FIG. 9 is a partial cross-sectional view for explaining positions and sizes of the contact holes CNT, the first and second ring dummy patterns RD1 and RD2 of a display apparatus according to an exemplary embodiment of the inventive concept.

Referring to FIG. 9, the display apparatus is substantially the same as the display apparatus of FIG. 5 except for a size of the second ring dummy pattern RD2. Therefore, repeated explanations will be omitted.

A width A2 of an inner circumference of the first ring dummy pattern RD1 is smaller than a width A1′ of the inner circumference of the second ring dummy pattern RD2. A width W2 of a ring of the second ring dummy pattern RD2 is larger than a width W1 of a ring of the first ring dummy pattern RD1. Therefore, a width A1 of an outer circumference of the second ring dummy pattern RD2 may be larger than a width of an outer circumference of the first ring dummy pattern RD1. In addition, the first ring dummy pattern RD1 and the second ring dummy pattern RD2 on respective sides of the contact hole CNT may overlap each other.

Since a contact hole CNT has an inverted tapered shape in a cross section, the width A2 of the inner circumference of the first ring dummy pattern RD1 is smaller than the width A1′ of the inner circumference of the second ring dummy pattern RD2. The width W1 of the ring of the first ring dummy pattern RD1 may be smaller than the width W2 of the ring of the second ring dummy pattern RD2. Accordingly, a short-circuit defect can be prevented while a distance between the contact hole CNT and the first gate electrode GE1 is narrowed.

FIGS. 10A to 10D are cross-sectional views illustrating a manufacturing method of the display apparatus of FIG. 1.
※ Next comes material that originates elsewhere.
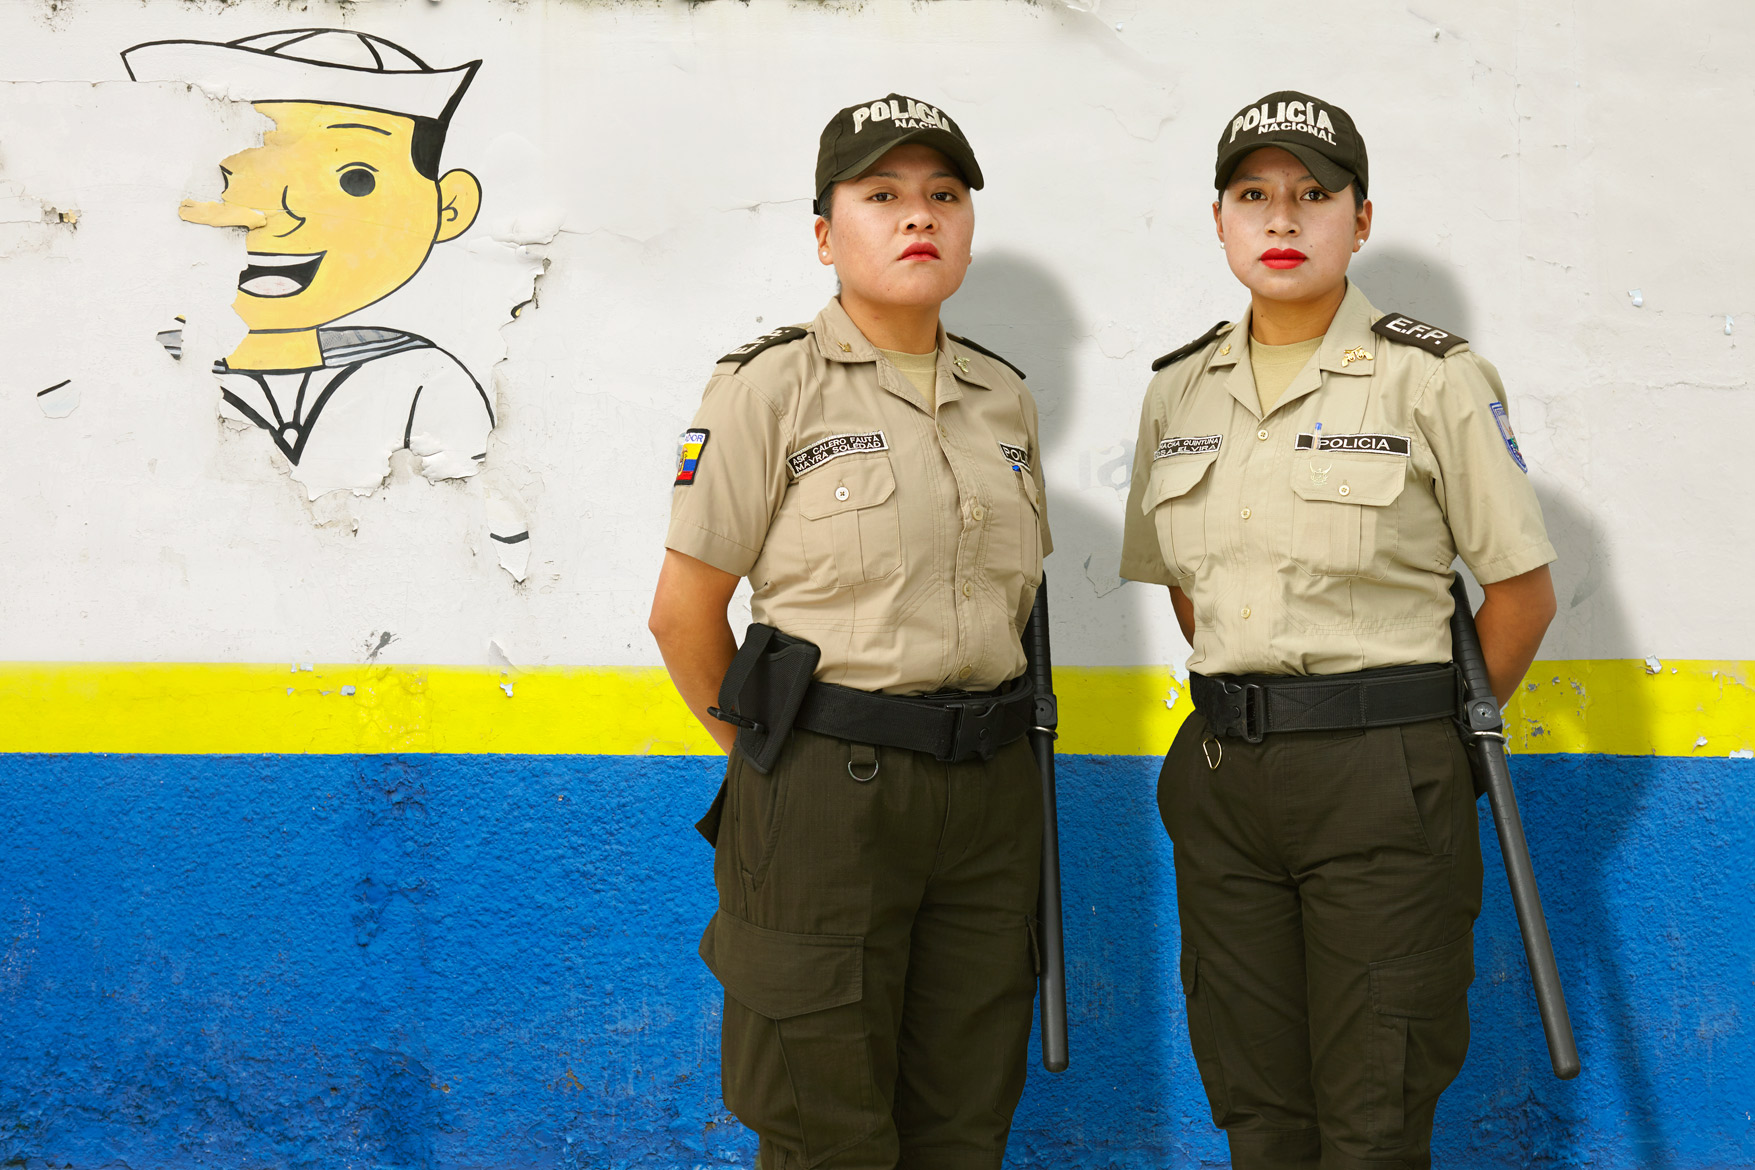   Police Women / Ecuador

Referring to FIG. 10A, a buffer layer 110 may be formed on a base substrate 100. An active pattern ACT may be formed on the buffer layer 110. A first gate insulating layer 120 may be formed on the buffer layer 110 on which the active pattern ACT is formed. A first gate pattern including a gate electrode GE may be formed on the first gate insulating layer 120. A second gate insulating layer 130 may be formed on the first gate insulating layer 120 on which the gate electrode GE is formed. A second gate pattern including a ring dummy pattern RD may be formed on the second gate insulating layer 130.

Referring to FIG. 10B, an interlayer insulating layer 140 may be formed on the second gate insulating layer 130 on which the second gate pattern is formed.

Referring to FIG. 10C, the interlayer insulating layer 140, the ring dummy pattern RD, the second gate insulating layer 130, and the first gate insulating layer 120 are sequentially penetrated, so that a contact hole CNT exposing source or drain regions S and D of the active pattern ACT can be formed.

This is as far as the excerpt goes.